Felietony

SHENZHEN w czasach 2019-nCoV

on
10 lutego 2020

Wiem, że zapowiadałem na ten tydzień drugi tekst z Laosu, lecz od jakiegoś czasu codziennie wypytywany jestem o sytuację w Shenzhen w obliczu rozprzestrzeniającego się w Chinach wirusa. Wypad na zakupy uzmysłowił mi iż sytuacja w mieście jest na tyle odmienna od zwyczajnej, że warto o tym napisać, tym bardziej, że podobnej szansy mogę już nie mieć. Zapraszam więc do siebie, choć czasy zdecydowanie odwiedzinom Chin nie sprzyjają.

 

O Wuhan pisałem już jakiś czas temu i nie ma sensu, bym ponownie przytaczał informacje o koronawirusie. Sąsiadujące z Hong Kongiem Shenzhen położone jest ok 1000km na południe od objętego kwarantanną miasta i powstało zaledwie 40 lat temu, gdy rząd ChRL zdecydował o utworzeniu tu specjalnej strefy gospodarczej. W tym czasie z wioski rybackiej Shenzhen rozrosło się do 12 milionowego miasta. Jak łatwo da się wywnioskować z tych danych, Shenzhen jest pełne przyjezdnych, a pytanie „skąd jesteś” jest tu na porządku dziennym. Mało kto powiedzieć może, że jest „stąd” i z tego powodu każdego roku w okolicach Chińskiego Nowego Roku miasto wyludnia się w znaczącym stopniu. W Shenzhen mieszkam już od siedmiu lat (plus jeden rok w 2009) i chiński okres świąteczny zawsze uważałem za najlepszy czas w roku. Miasto zyskiwało na przestrzeni, a korzystanie z metra nawet na najbardziej obleganych zazwyczaj liniach, nie prowadziło do irytacji. Naturalnie można było popełnić błąd i udać się w weekend do Ikei, lub do nadmorskiego parku, by przekonać się, gdzie zgromadzili się wszyscy pozostali w mieście, lecz mowa tu raczej o pojedynczych miejscach. Obecnie sytuacja wygląda drastycznie odmiennie.

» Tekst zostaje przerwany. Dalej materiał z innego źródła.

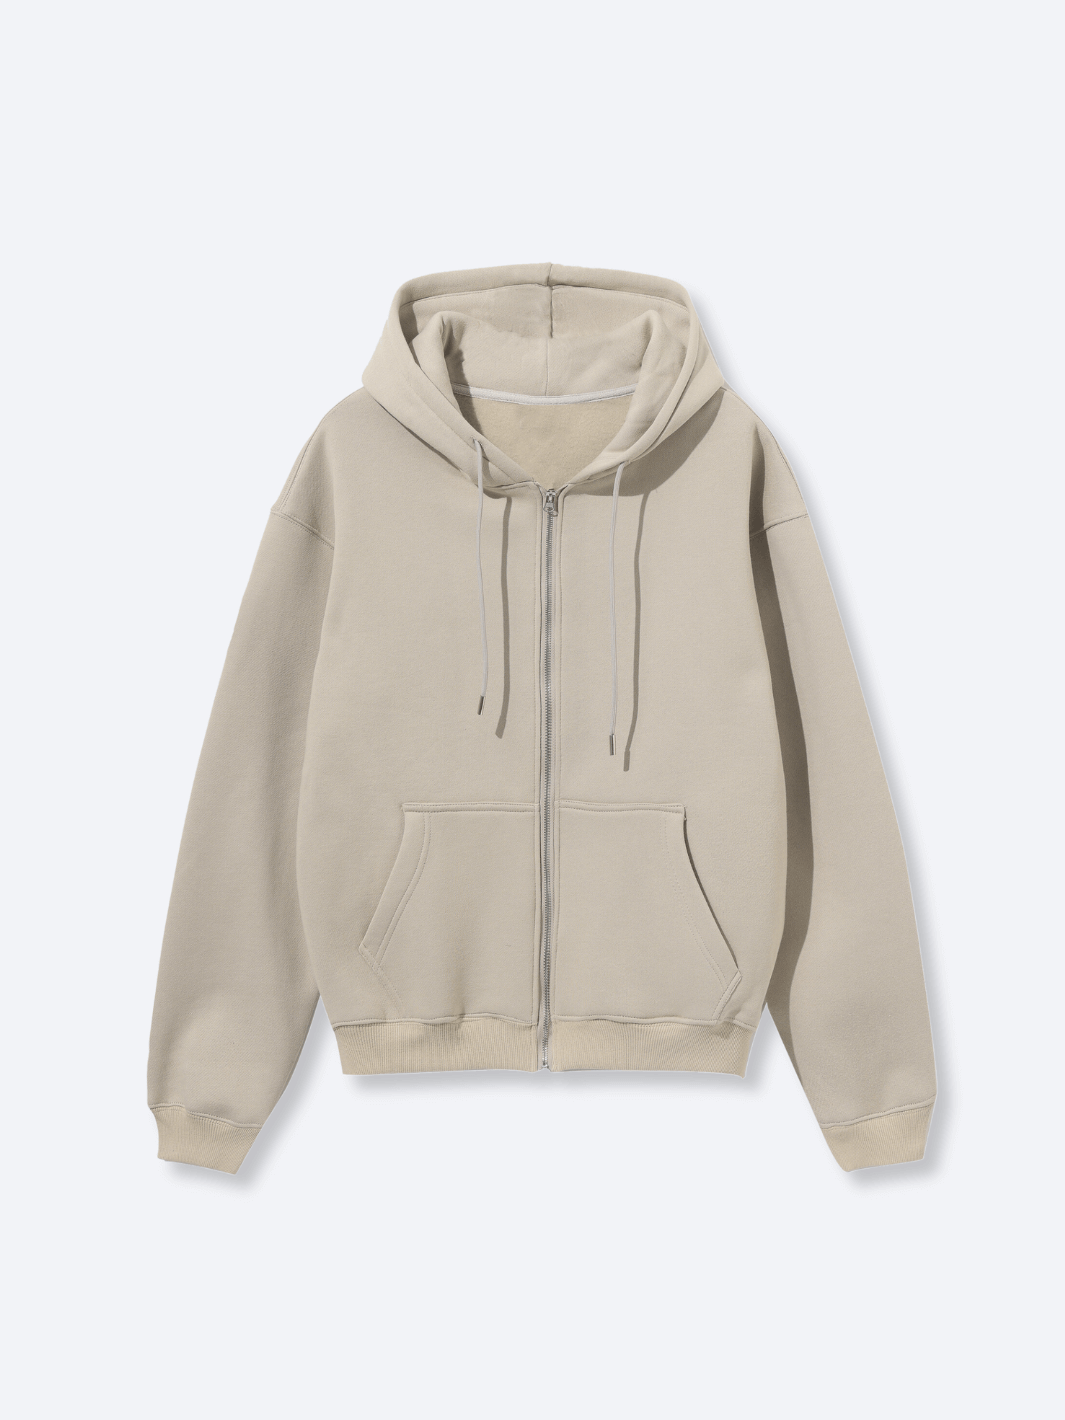 "TO WHOM IT MAY CONCERN" 2.0 ZIP-UP HOODIE - LIGHT OAT

Od ponad 2 tygodni staram się nie wychodzić z mieszkania, jeśli nie jest to konieczne i podobne podejście ma większość mieszkańców. Na ulicach można spotkać innych ludzi – nie można mówić tu o obrazach rodem z wizji apokaliptycznych – lecz miasto wciąż wygląda na opustoszałe, mimo iż obchody Nowego Roku skończyły się przed tygodniem. Po ulicach przemieszczają się głównie taksówki i prawie puste autobusy, a zwykle zakorkowane drogi, teraz straszą pustkami. Ponoć w Polsce kreowany jest obraz pustych półek sklepowych i ludzi walczących o pożywienie. Nic takiego nie ma miejsca; Większe sklepy działają jak zwykle i są w pełni zaopatrzone. Jedynym zauważalnym brakiem, jaki mnie dotknął, był brak śmietany w jedynym markecie, w którym takową mogłem zakupić. Poza tym, nie zauważyłem żadnych niedogodności. Poza mieszkaniami wszyscy bez wyjątku poruszają się w maseczkach. Są one zresztą obowiązkowe, by wejść do jakiegokolwiek centrum handlowego. Liczba drzwi wejściowych została ograniczona, a przy każdych stoi ochroniarz z termometrem zbliżeniowym, którym sprawdza temperaturę wszystkich, chcących wejść do środka. Kilka dni temu kobieta, która odmówiła założenia maseczki i wdała się w kłótnię z ochroniarzami, została przed jednym ze sklepów spacyfikowana, a po przybyciu policji aresztowana. Zakaszlenie w miejscu publicznym miejscu spotyka się z różnymi reakcjami pozostałych odwiedzających – od zaniepokojonych spojrzeń, po ewidentne zwiększenie odległości od kaszlącego.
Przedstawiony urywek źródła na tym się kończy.